Print each line exactly, beginning with the one where "عکس یک صبح بهاری" appears and ending at the last line below.

==== EXERCISE INPUTS ====

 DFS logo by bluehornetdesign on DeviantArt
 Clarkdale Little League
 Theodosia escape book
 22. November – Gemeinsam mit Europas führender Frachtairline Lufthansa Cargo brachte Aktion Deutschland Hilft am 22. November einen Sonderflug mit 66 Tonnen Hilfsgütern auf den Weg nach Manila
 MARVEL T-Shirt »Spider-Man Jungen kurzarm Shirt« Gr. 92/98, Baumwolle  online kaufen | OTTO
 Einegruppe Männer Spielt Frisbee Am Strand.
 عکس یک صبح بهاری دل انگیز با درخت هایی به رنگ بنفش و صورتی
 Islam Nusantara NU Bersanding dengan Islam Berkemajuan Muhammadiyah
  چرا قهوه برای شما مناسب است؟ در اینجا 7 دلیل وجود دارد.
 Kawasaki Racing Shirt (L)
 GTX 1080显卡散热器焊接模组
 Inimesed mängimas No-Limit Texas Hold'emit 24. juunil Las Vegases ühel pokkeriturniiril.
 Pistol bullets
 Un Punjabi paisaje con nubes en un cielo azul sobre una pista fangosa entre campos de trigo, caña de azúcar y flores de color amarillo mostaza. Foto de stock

====

**RESPONSE AREA**
 عکس یک صبح بهاری دل انگیز با درخت هایی به رنگ بنفش و صورتی
 Islam Nusantara NU Bersanding dengan Islam Berkemajuan Muhammadiyah
  چرا قهوه برای شما مناسب است؟ در اینجا 7 دلیل وجود دارد.
 Kawasaki Racing Shirt (L)
 GTX 1080显卡散热器焊接模组
 Inimesed mängimas No-Limit Texas Hold'emit 24. juunil Las Vegases ühel pokkeriturniiril.
 Pistol bullets
 Un Punjabi paisaje con nubes en un cielo azul sobre una pista fangosa entre campos de trigo, caña de azúcar y flores de color amarillo mostaza. Foto de stock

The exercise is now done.